Machine learning (ML) has grown a lot. Powerful computer models and training methods help. But even big language models have trouble learning new things over time. This is called continual learning. It means a model can learn new skills without forgetting old ones.
The human brain is great at learning. It changes to learn from new experiences. This is like neuroplasticity. Without it, we only remember what's happening right now. Current language models are similar. They only know what fits in their text window or what they learned before.
If you just keep updating a model with new data, it often forgets old tasks. This is called catastrophic forgetting. Some try to fix this with different model parts or training rules. But we have treated the model's structure and its training rules as separate. This stops us from making a smart, efficient learning system.
Our paper, \u0022Nested Learning: The Illusion of Deep Learning Architectures\u0022, introduces Nested Learning. It connects model structure and training. Nested Learning sees an ML model as many small learning problems. These problems work together and are trained at the same time. We say the model's structure and training rules are the same idea. They are just different levels of learning. Each level has its own information flow and update speed. Nested Learning helps us design better AI. It lets us build learning parts with more depth. This helps stop catastrophic forgetting.
We tested Nested Learning with a special model called \u0022Hope\u0022. It learns language well. It also remembers longer text better than other top models.
The Nested Learning Idea
Nested Learning shows that a complex ML model is really a group of learning problems. These problems fit inside each other or work side-by-side. Each problem uses its own information to learn. This is its context flow.
This means current deep learning methods just shorten their information flow. More importantly, Nested Learning shows a new way to design models. We can build learning parts with more depth.
Think about how we remember things. We link one thing to another. For example, seeing a face might help us remember a name. This is associative memory.
- We show that training, like backpropagation, can work like associative memory. The model learns to link data to its error. This error shows how surprising the data was.

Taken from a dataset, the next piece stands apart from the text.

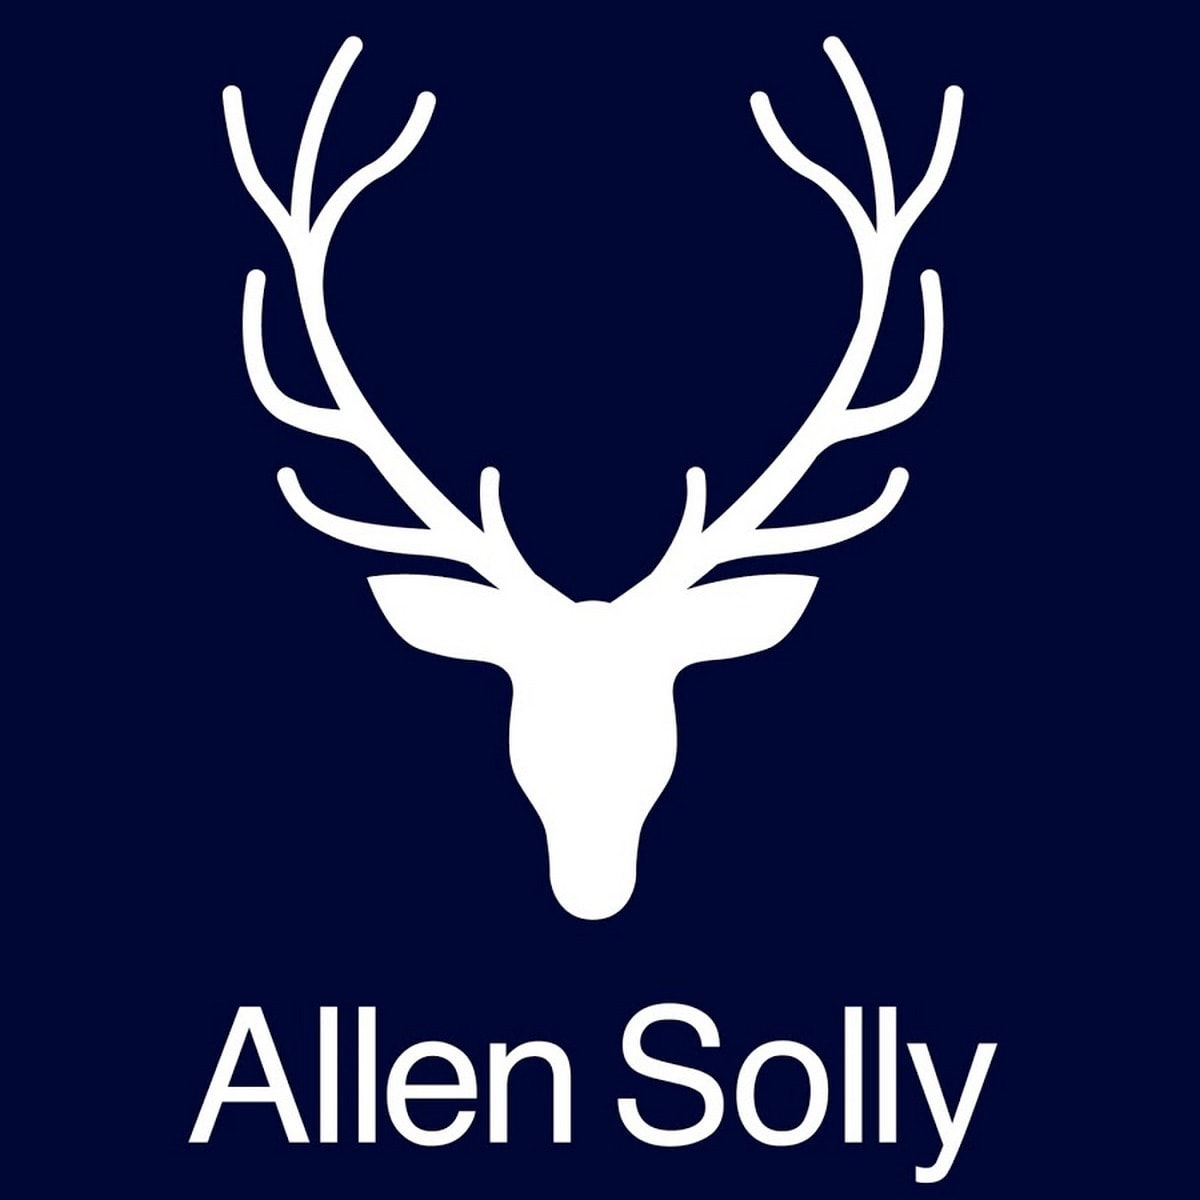 Marketing Mix of Allen Solly - Allen Solly Marketing Mix

- Other studies also show this. For example, parts of models like the attention in transformers can be seen as simple associative memory. They learn how words in a sentence relate to each other.

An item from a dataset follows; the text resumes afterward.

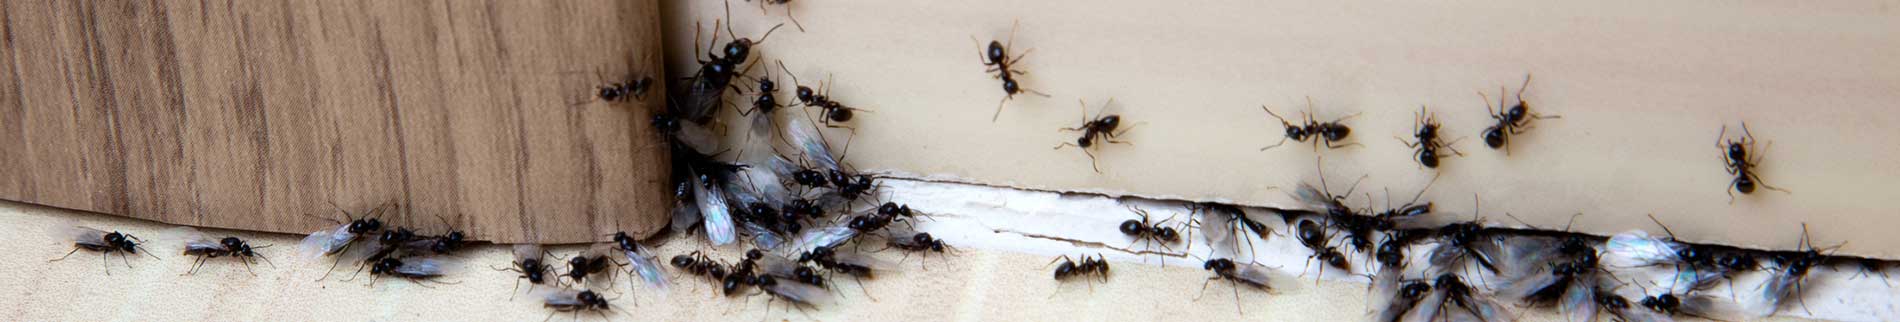 ant elimination services

The brain's steady structure and different learning speeds are key to how humans learn over time. Nested Learning lets each part of the brain learn at different speeds. It shows that models like transformers and memory modules are just layers that update at different speeds.
We can set an update speed for each part. This means how often a part's settings are changed. This helps us order the learning problems into levels. This order is the main idea of Nested Learning.
Using Nested Learning
The Nested Learning idea gives us clear ways to make current methods and models better:
Smart Trainers
Nested Learning sees trainers, like momentum trainers, as memory modules. This lets us use ideas from memory studies for trainers. Many trainers use simple dot-product. This measures how similar two things are. But it doesn't show how different data points relate. By changing the trainer's goal to a standard loss metric, like L2 regression loss, we can create new versions of concepts like momentum. These new versions handle messy data better.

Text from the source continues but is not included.